▸ Assignment
Tally the lines in the listing below that include "Leather". Answer with the count and nothing more.

▸ Record extracts

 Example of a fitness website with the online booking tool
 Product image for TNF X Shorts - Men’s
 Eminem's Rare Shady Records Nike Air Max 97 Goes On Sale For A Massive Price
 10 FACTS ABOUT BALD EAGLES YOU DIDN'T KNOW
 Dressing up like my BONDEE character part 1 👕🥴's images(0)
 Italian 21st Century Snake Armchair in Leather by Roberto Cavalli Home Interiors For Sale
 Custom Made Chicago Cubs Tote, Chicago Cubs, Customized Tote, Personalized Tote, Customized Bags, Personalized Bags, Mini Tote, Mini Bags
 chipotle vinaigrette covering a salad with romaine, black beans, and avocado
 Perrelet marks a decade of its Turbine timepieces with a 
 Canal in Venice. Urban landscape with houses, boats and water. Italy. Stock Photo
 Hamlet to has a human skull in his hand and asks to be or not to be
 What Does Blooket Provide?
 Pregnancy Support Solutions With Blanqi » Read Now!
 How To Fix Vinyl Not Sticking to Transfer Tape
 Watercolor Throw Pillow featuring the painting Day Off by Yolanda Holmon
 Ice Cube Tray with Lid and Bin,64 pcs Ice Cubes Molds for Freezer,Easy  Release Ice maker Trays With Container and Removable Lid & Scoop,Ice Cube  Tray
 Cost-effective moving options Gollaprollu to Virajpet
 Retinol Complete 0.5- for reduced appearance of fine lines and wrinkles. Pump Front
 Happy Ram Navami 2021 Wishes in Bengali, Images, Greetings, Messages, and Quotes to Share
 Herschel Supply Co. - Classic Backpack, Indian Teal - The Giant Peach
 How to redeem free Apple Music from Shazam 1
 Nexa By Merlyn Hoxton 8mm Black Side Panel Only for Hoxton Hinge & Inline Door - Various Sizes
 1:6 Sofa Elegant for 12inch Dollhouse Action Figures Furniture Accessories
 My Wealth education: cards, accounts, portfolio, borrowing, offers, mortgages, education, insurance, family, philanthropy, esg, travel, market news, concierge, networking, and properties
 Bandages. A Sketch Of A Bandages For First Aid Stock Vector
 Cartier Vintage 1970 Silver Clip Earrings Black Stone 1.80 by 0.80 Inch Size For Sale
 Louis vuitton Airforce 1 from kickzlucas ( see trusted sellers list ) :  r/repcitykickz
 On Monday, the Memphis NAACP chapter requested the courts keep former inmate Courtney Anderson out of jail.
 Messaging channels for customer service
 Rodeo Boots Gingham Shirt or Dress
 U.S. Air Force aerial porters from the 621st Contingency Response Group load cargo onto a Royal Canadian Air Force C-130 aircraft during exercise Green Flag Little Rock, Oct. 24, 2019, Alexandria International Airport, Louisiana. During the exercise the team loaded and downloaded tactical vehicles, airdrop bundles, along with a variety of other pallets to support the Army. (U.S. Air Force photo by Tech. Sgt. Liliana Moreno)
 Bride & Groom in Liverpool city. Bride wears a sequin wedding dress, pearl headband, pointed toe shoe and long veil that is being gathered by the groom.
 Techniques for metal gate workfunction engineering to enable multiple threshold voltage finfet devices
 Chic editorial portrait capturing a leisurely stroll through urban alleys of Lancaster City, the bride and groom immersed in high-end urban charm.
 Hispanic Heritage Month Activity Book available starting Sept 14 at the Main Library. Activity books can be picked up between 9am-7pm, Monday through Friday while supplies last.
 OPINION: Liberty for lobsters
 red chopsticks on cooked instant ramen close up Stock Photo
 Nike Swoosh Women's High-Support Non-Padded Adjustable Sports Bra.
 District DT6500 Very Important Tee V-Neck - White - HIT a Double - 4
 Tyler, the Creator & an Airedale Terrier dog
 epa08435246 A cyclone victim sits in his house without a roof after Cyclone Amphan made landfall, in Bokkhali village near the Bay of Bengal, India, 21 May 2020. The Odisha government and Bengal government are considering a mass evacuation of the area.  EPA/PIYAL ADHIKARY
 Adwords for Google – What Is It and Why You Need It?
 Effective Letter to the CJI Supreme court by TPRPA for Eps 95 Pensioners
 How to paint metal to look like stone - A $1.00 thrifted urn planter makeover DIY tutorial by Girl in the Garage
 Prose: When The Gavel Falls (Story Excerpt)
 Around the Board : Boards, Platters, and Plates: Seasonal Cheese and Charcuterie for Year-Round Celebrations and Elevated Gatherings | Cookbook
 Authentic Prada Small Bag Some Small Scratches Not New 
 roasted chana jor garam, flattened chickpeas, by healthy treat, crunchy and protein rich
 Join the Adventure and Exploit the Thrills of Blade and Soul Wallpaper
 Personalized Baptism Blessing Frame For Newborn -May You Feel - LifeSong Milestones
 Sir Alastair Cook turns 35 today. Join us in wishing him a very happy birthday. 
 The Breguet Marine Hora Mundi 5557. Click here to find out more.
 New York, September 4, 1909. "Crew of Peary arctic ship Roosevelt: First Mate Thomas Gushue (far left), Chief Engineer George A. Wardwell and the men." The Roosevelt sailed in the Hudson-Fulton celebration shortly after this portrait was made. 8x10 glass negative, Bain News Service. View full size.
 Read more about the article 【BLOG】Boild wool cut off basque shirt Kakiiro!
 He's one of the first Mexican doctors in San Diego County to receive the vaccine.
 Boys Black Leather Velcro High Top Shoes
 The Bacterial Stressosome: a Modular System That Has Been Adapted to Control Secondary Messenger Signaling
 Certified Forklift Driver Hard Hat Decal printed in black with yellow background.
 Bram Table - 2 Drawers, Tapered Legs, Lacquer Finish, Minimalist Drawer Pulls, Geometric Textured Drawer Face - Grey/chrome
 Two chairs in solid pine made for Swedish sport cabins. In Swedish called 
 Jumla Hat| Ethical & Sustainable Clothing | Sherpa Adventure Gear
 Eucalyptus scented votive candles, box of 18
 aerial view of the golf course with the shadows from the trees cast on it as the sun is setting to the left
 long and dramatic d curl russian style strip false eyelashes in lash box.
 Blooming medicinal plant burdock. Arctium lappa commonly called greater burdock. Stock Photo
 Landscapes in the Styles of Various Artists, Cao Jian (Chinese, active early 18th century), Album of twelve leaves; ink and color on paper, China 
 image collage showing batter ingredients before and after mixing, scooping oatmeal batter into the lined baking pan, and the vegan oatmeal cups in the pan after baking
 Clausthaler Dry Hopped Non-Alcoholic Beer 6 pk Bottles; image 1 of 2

▸ Written reply
2